Find the coefficient of x^3Y^2z^2 in (x+y+z)^7
( a + b + c) ^ n = Ó n ! / ( i! j! k! ) a ^ i b ^ j c ^ k
where i + j + k = n
So exponent of x ^ 3 y ^ 2 z ^ 2 =
7! / (3! 2! 2!) =
5040 / ( 6 * 2 * 2 ) =
5040 / 24 =
210
Ó mean summ
To find the coefficient of x^3Y^2z^2 in the expansion of (x+y+z)^7, we can use the Binomial Theorem. The Binomial Theorem states that the expansion of (a + b)^n can be written as:
(a + b)^n = C(n, 0) * a^n * b^0 + C(n, 1) * a^(n-1) * b^1 + C(n, 2) * a^(n-2) * b^2 + ... + C(n, n) * a^0 * b^n
Where C(n, k) represents the binomial coefficient, which is the number of ways to choose k items from a set of n items.

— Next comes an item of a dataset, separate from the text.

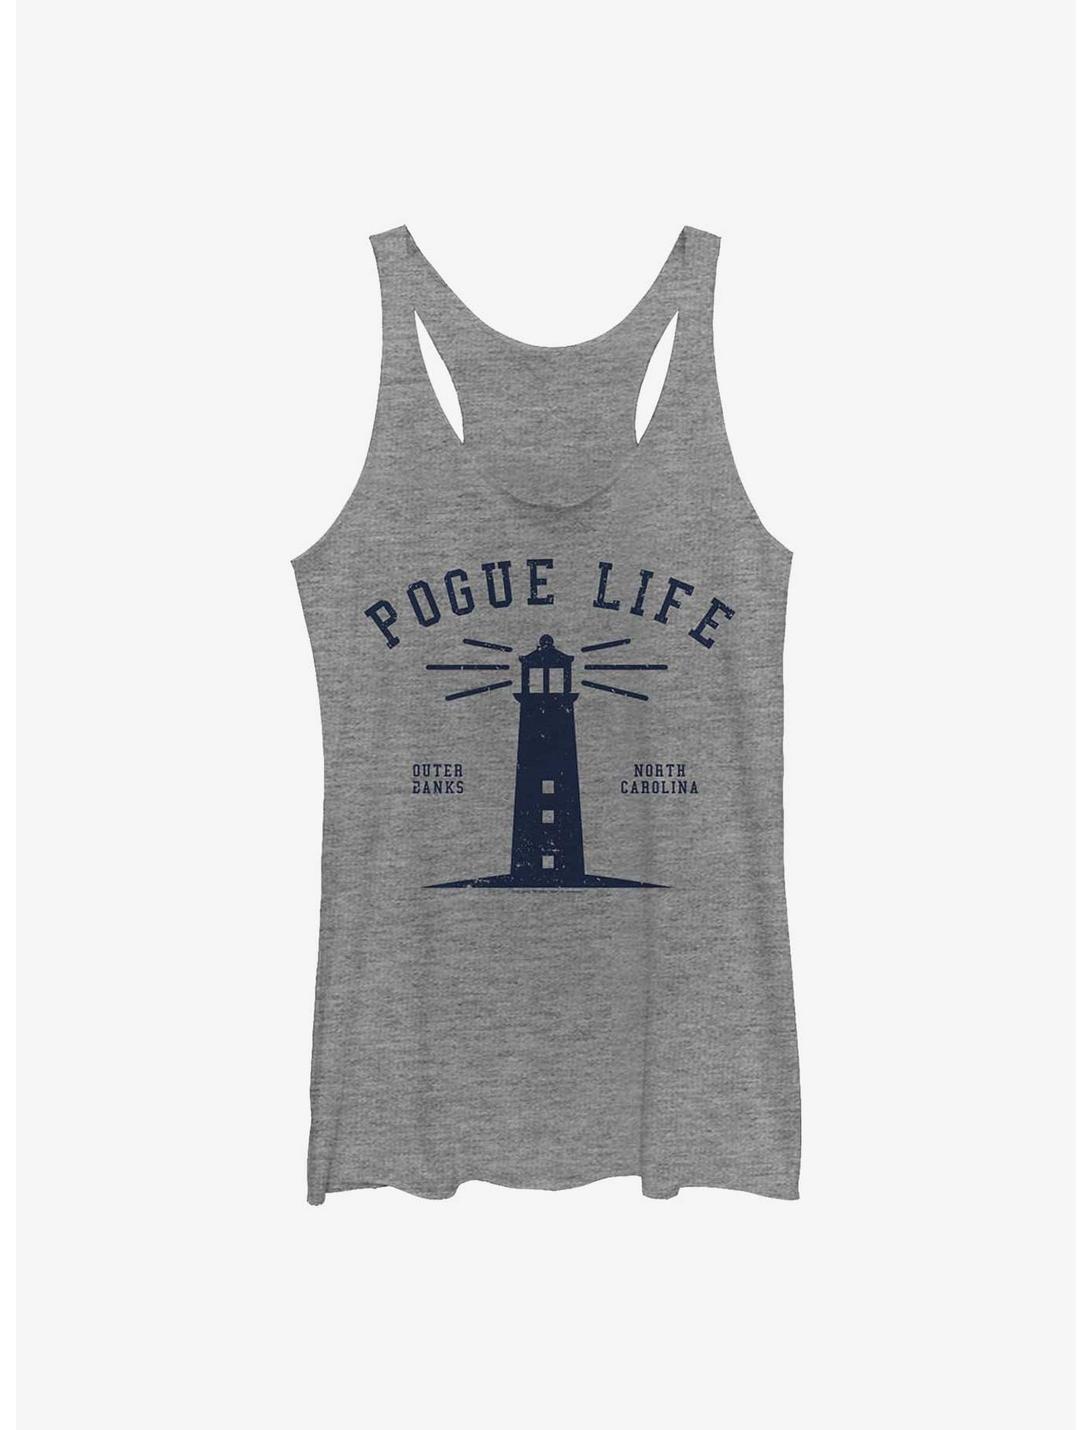 Outer Banks Lighthouse Pogue Life Womens Tank Top, GRAY HTR, hi-res
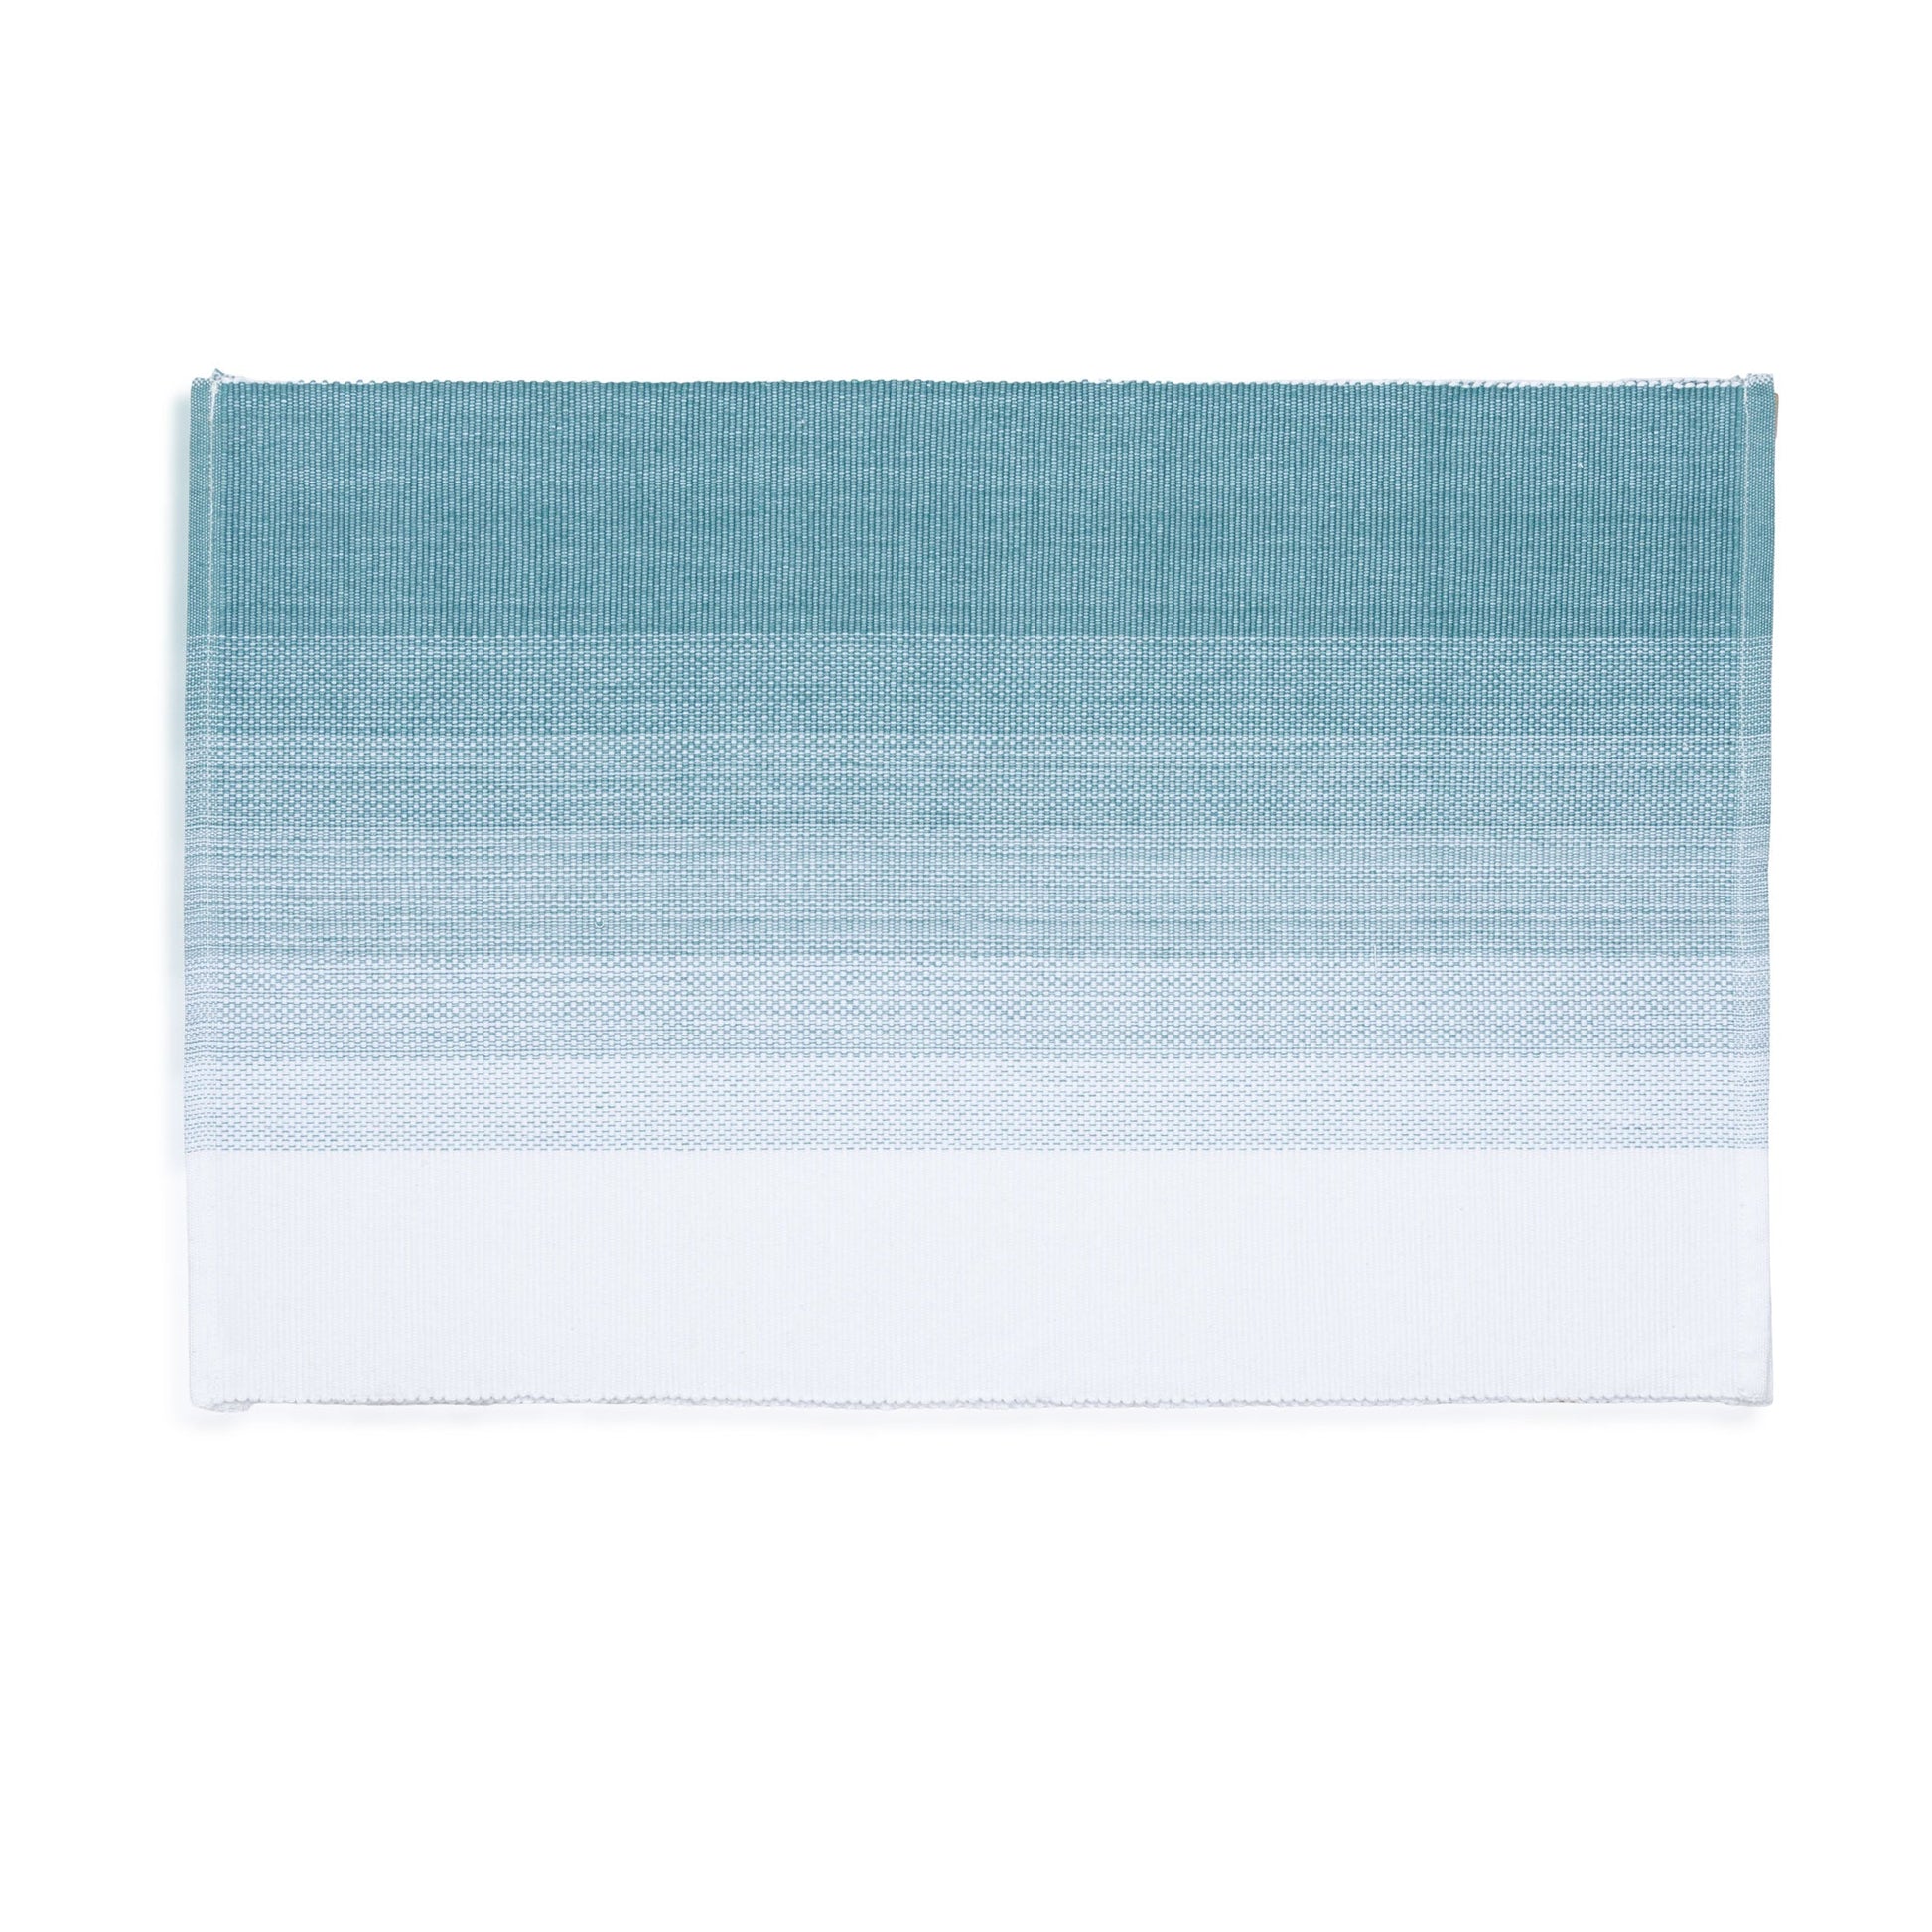 Teal Ombre Woven Placemat

In our case, we are looking for the coefficient of x^3Y^2z^2, so we want to find the term in the expansion that has x^3Y^2z^2.
We can use the formula for the binomial coefficient to calculate the coefficient. The binomial coefficient C(n, k) is given by the formula:
C(n, k) = n! / (k!(n-k)!), where n! represents n factorial.
Let's substitute the values into the formula:
C(7, 3) = 7! / (3!(7-3)!)
Simplifying:
C(7, 3) = 7! / (3! * 4!)
= (7 * 6 * 5 * 4 * 3 * 2 * 1) / ((3 * 2 * 1) * (4 * 3 * 2 * 1))
= 35
So, the coefficient of x^3Y^2z^2 in (x+y+z)^7 is 35.